We took some courage and after those first 40 days and running from the heat we decided to go back to La Fortuna. This time, for our anniversary, we bide ride around the Arenales lake for 3 days, 120 km of hills and gravel! Ended up sleeping in a awful place (everything was closed) but we so much enjoy the freedom! In Sarcero we met El Sapito, Jorgelina y Mauri, an incredible, young and delicious couple who changed our outlook and our health habits! We owned to them how great we are feeling at the moment!


 
Playa La Langosta was our second big stayed. 12 days to pure sand , sea and beach. The only beach opened in the whole Costa Rica. We could not believe the place, it was like another world. All “gringos”, no one speaking in Spanish. Very elegant, big and stylish houses on the beach. We really had so much fun here! The big canal a few houndred meters on the beach that with the current and tide become like a water park for us! We also met Pamela and Adrian here, a vibrant, kind and hard work couple.

It was then in playa La Langosta, after being there for 10 days that one sleepless night we received via video our little Salvadore, Salvi for us!

Today, as a second wave of Corona Virus is attacking the whole world and more and more people become infected, we are making the best of this terrible situation. And while we are waiting for flights to go back to Sydney, we are going around Costa Rica again, this time taking the time to truly stay, enjoying every minute of it.




Thursday, February 20, 2020

COSTA RICA

A new country! Yuppyyyyy, really excited. Particularly because everybody talks about Costa Rica!

18th of January 2020

Lush, lush, lush. First impressions. One highway, palms everywhere and a thick bushes. The green is greener here, taller and the iguanas cross the road all the time! Our first night was not spectacular as we stopped somewhere in a bay looking for batteries for the car. But on the day after, while driving we saw a dirt road of the highway. Just mere meters in and a fresh and much needed cold stream surrounded by trees. Jump in! Quick and delicious. Continue driving and again off the main road, 500 mts away and we are in paradise. Playa Piñuela. An incredible beach, the huge forest as a backdrop, clean and nice water. We stayed here for 2 nights.

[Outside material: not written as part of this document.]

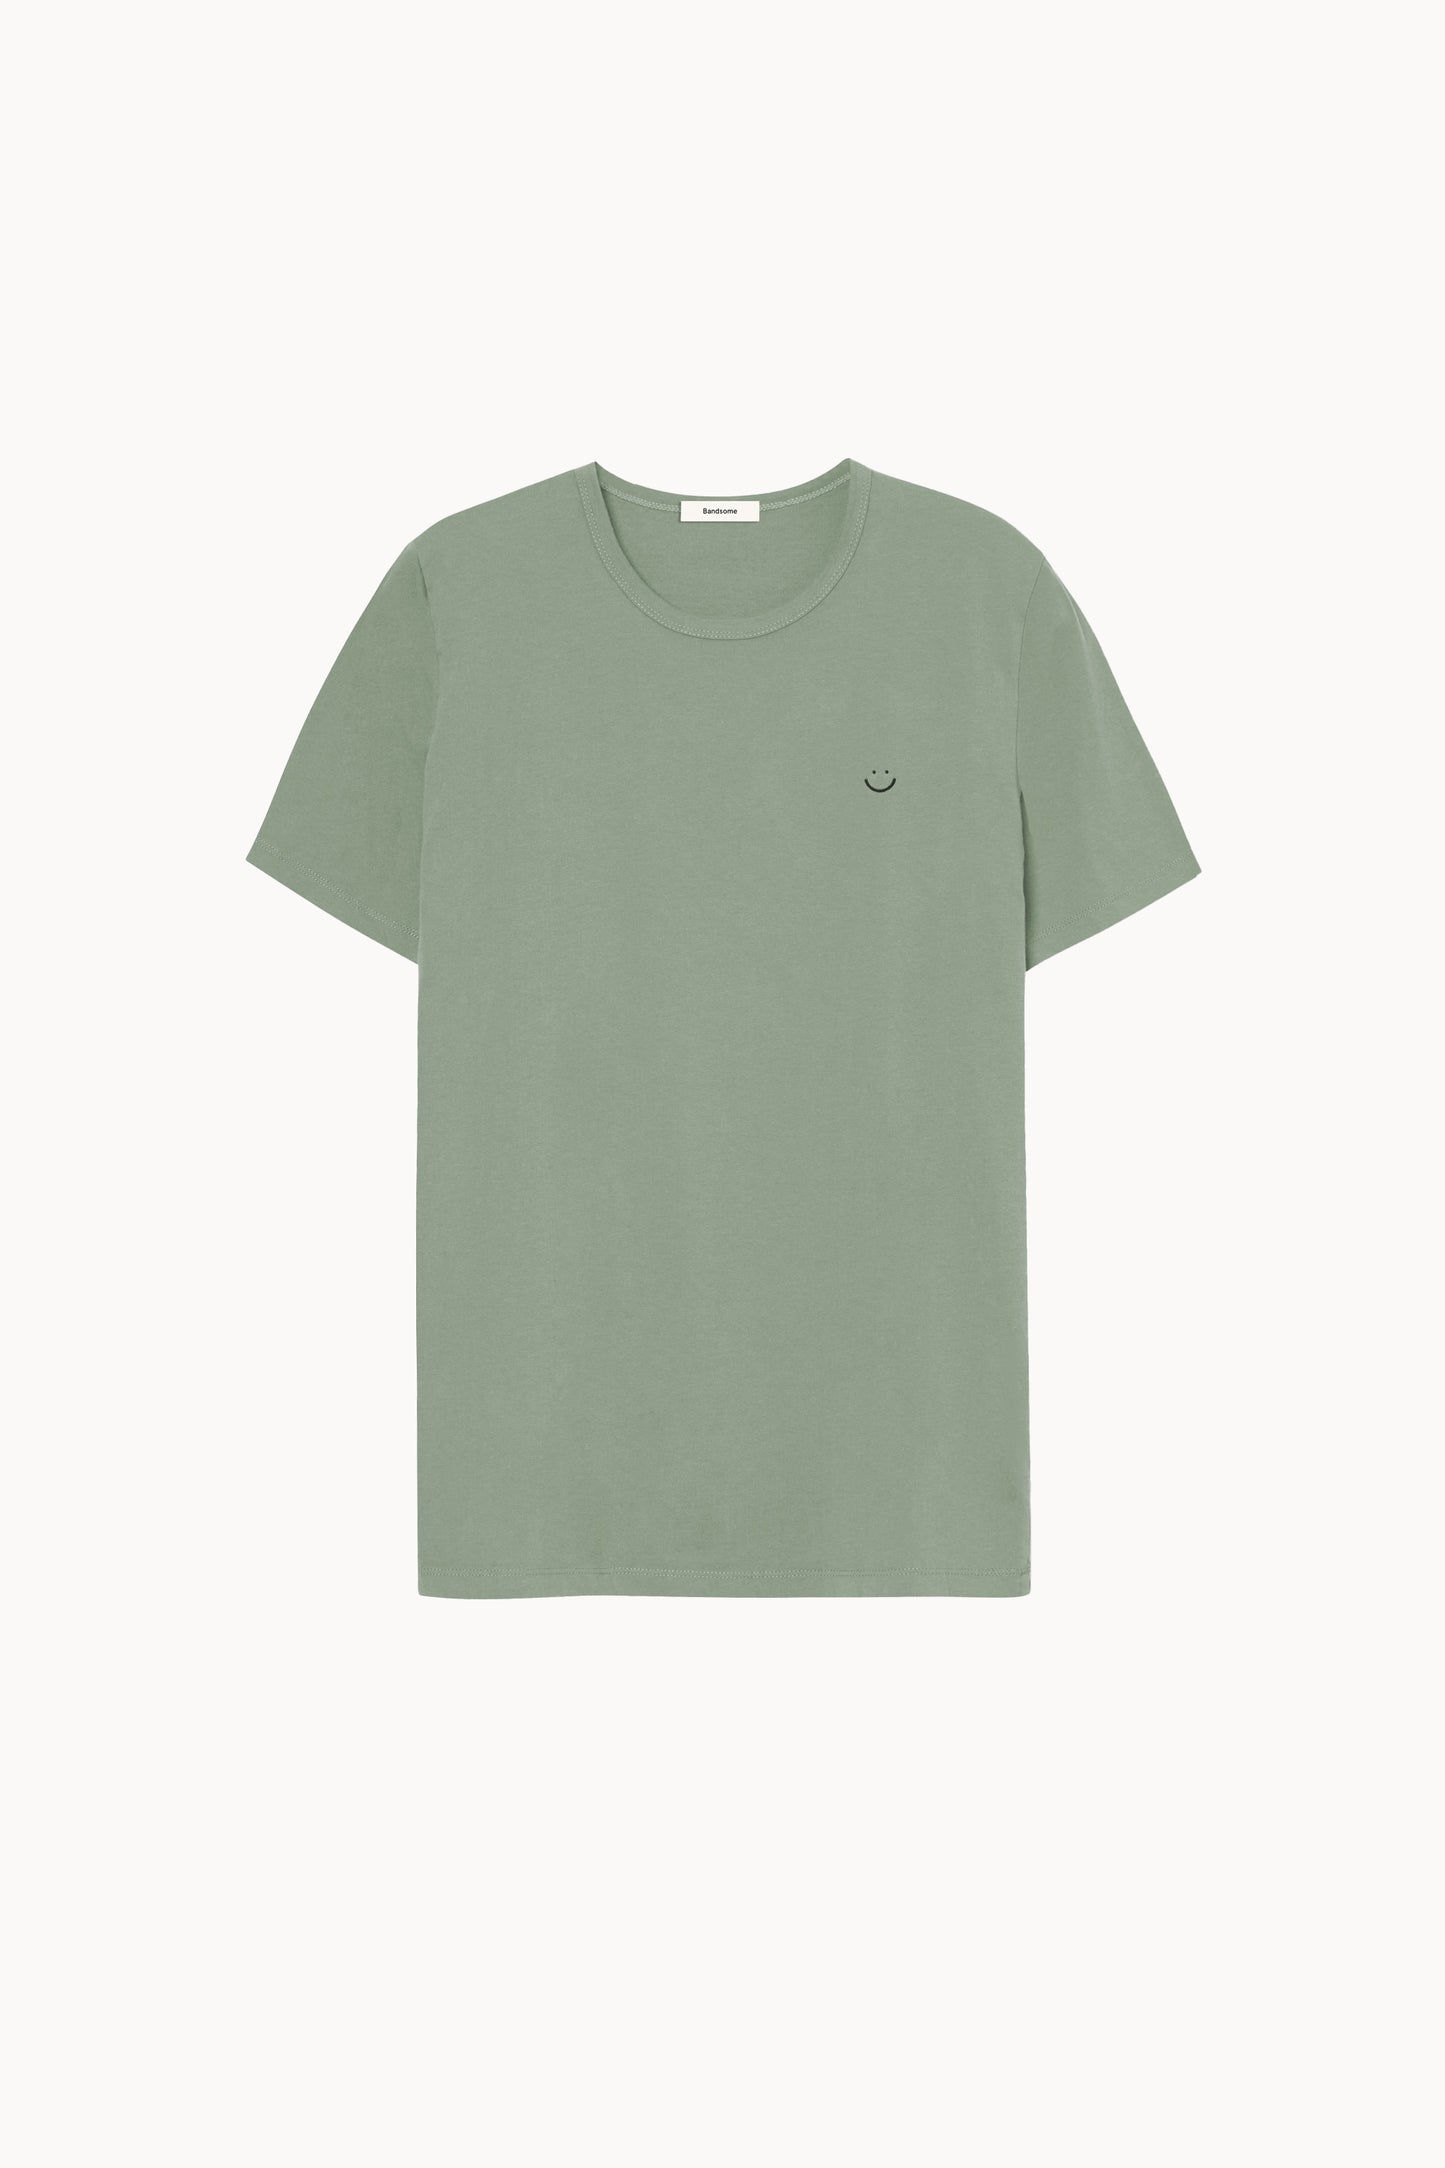 classic crew t-shirt palm smiley

 We are spending 2 weeks with our friends Patry y Carlos exploring first the volcanos and forest side of the country and then the glorious beaches. This country looks like a perfect country for us, small enough but with lots of variety in environments and backgrounds. We could hike, go deep into forest, bath in waterfalls, enjoy the thermal springs, ride the weaves of a super transparent water, coconut palms on the beach, white sand. And yet, as much as I enjoyed it all, I can help but not feeling completely comfortable. It is by far the more “developed” country of all the Latin American countries we have been (and by that I mean the whole country rather than the capital cities) but they are so used to have tourists and US expats living here that it is not only a very expensive country but also not so friendly. Hard to explain. The roads are some of the worst we have travelled. Only 2 main roads in great condition running through the country and the rest appalling. There are no shoulders at all to park the car just for a quick bite and usually people are looking for opportunities to make money from you. I would say that the delicacies of customer service approach is being somehow deluded!




I am disappointed and waiting to see if the next few weeks bring me a different sense of what I am feeling right now.

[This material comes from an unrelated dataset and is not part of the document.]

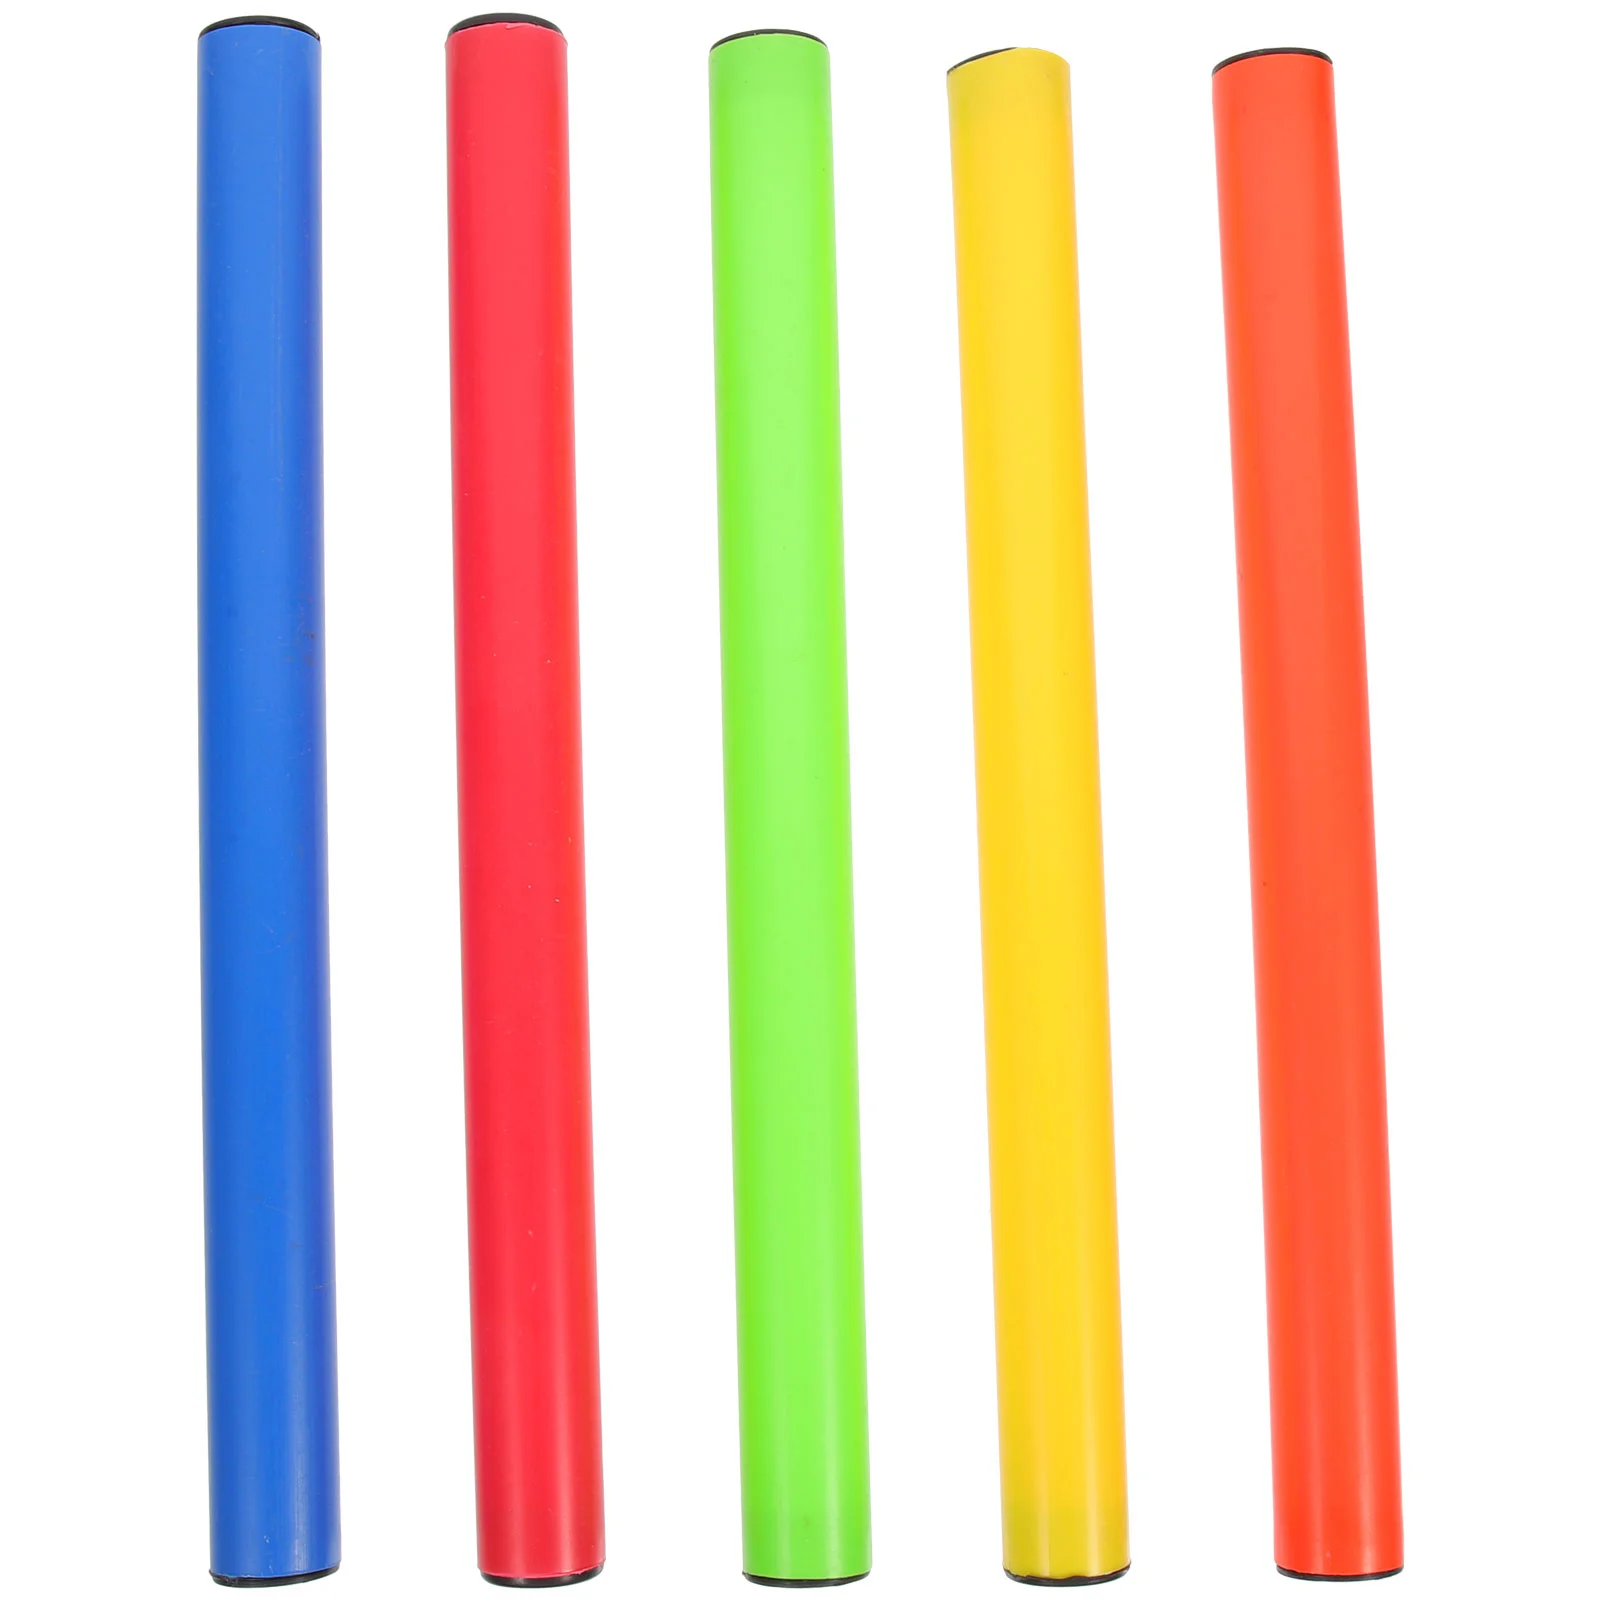 

5 Pcs Tools Field Relay Stick Competition Sticks Kids Relaying Racing Accessory Running Race Training Child

Off to the Caribbean side, with promises of more palm beaches and beautiful waters. We spent the next weeks basking in the nice weather, not so hot, cloudy, and with furious waters! Playa Negra, Cahuita National Park, Puerto Viejo, Cocles, Punta Uva and Playa Manzanillo. What I love about the landscape was the unusual amount of trees or just huge tree trunks on the water or just laying on the beach. The mood here is very laid back, very hippy style of living, We found more Argentinians here than anywhere else. Visiting, working, living… from time to time we do engage with the local people but it is very sporadic. I adore sleeping so close to the ocean, windows open, a nice breeze coming through and the inspiring noise of waves crushing.

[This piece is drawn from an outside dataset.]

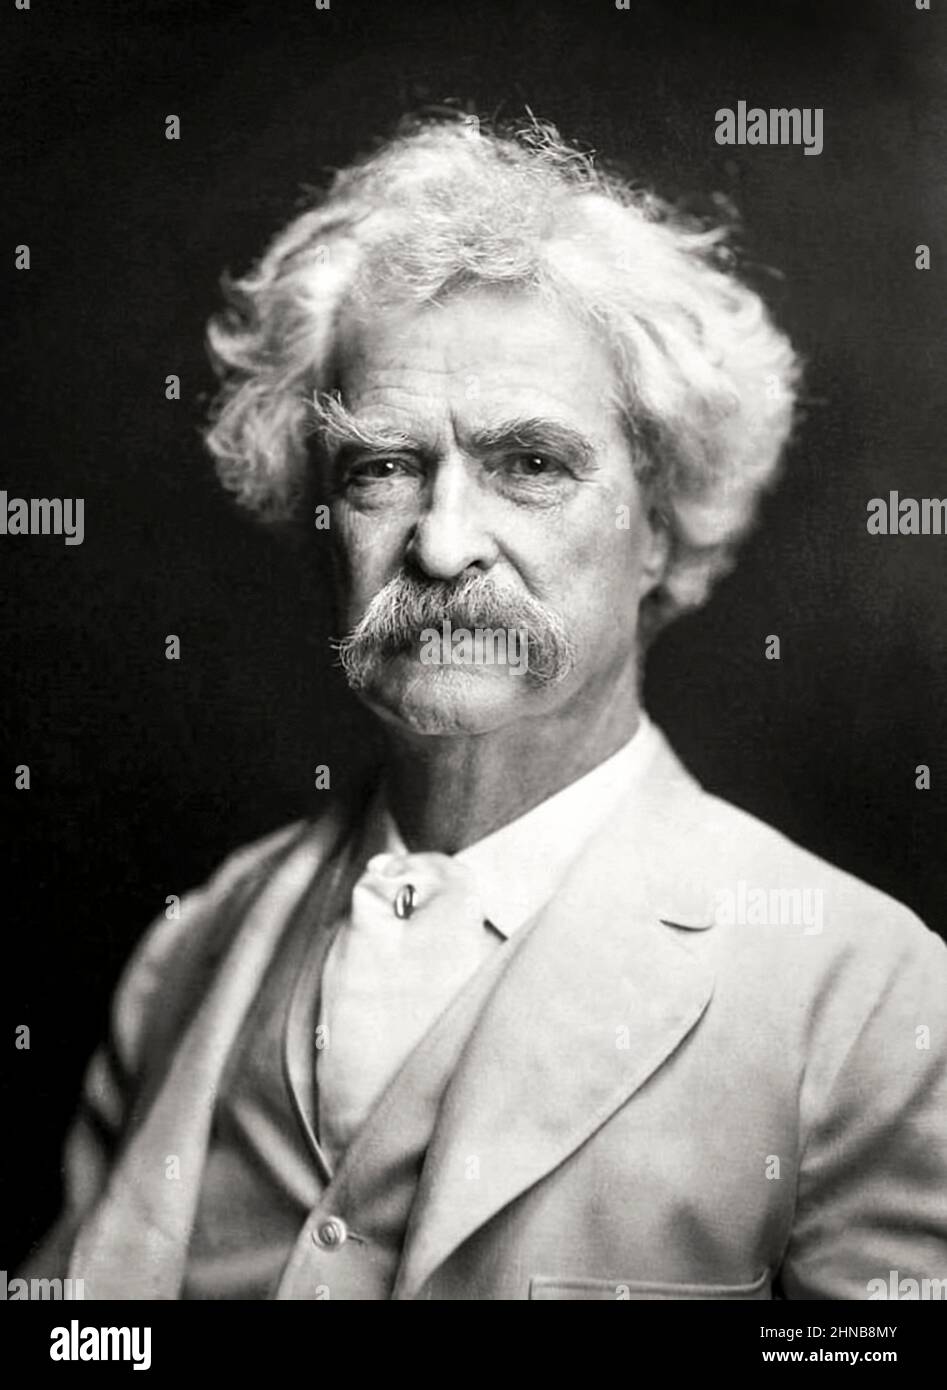 Mark Twain (1835-1910), The Father of American Literature whose works include The Adventures of Tom Sawyer and the Adventures of Huckleberry Finn. Photograph by A.F. Bradley taken in New York in 1907. Stock Photo

I have to make a stop for a super honorary mention of the Cahuita National Park. A wonderful trial, nested in between the ocean and the forest. It has everything that a hike should have and even more! Gigantic plants, uneven but flat trials, some on sand, plenty on boardwalk. It rain so bad and yet it was even prettier as the leaves and trees took a shine to it. And so many animals! We saw the oso perezozo, monkeys, racuns, squirrels, turquoise butterflies. We went from one end to the other and come back! Such was the beautiful landscape.



20th of February

Finally leaving the Caribeean side and all the crazy weather, rain, humidity, heat and more rain. We want to do more walks but the weather is not helping. We decided then to go….to the beaches on the Pacific side!!! And so we arrived at La Herradura and we couldn’t move. Took the kayak, the bikes, the big chairs, and it was paradise for a few days!

La Herradura beach









Thursday, January 30, 2020

Lake Arenal
He built their house and two little cabins to complement their income. She arrived the next morning with full breakfast for all. Sitting in our home, the 4 of us and the 5 of them. Home made tortillas with cream and fresh home made bread. And organic coffee and just out of the frypan patacones (banana). A prayer fill with gratitude, a sharing of stories. “Pura vida”!



Thursday, January 16, 2020

Panama- Playa Ermita

30 December 2019

I am celebrating mum’s birthday on this sleeping fishing village. Last day of the year (almost) and it feels like a year that was really really full. Well, it is not just a feeling, the year WAS really really full 😊

I am going back a week on my writing. Ready for the central America leg! Hecti was waiting for me with SalSolcito at the airport, Panama city. He had shipped her from Colombia before flying to Australia and then arrived to Panama a few days before me to pick her up and bring it to the airport. Before that we spent a week in Bs As with our parents and friends. We used to also take the time to go to theatre and restaurants but we are not doing that anymore. A pity, as I loved that part of going to Argentina but everytime we go now our friends are busy/tired and we too! Moving from one place to another in Baries has become a real nightmare.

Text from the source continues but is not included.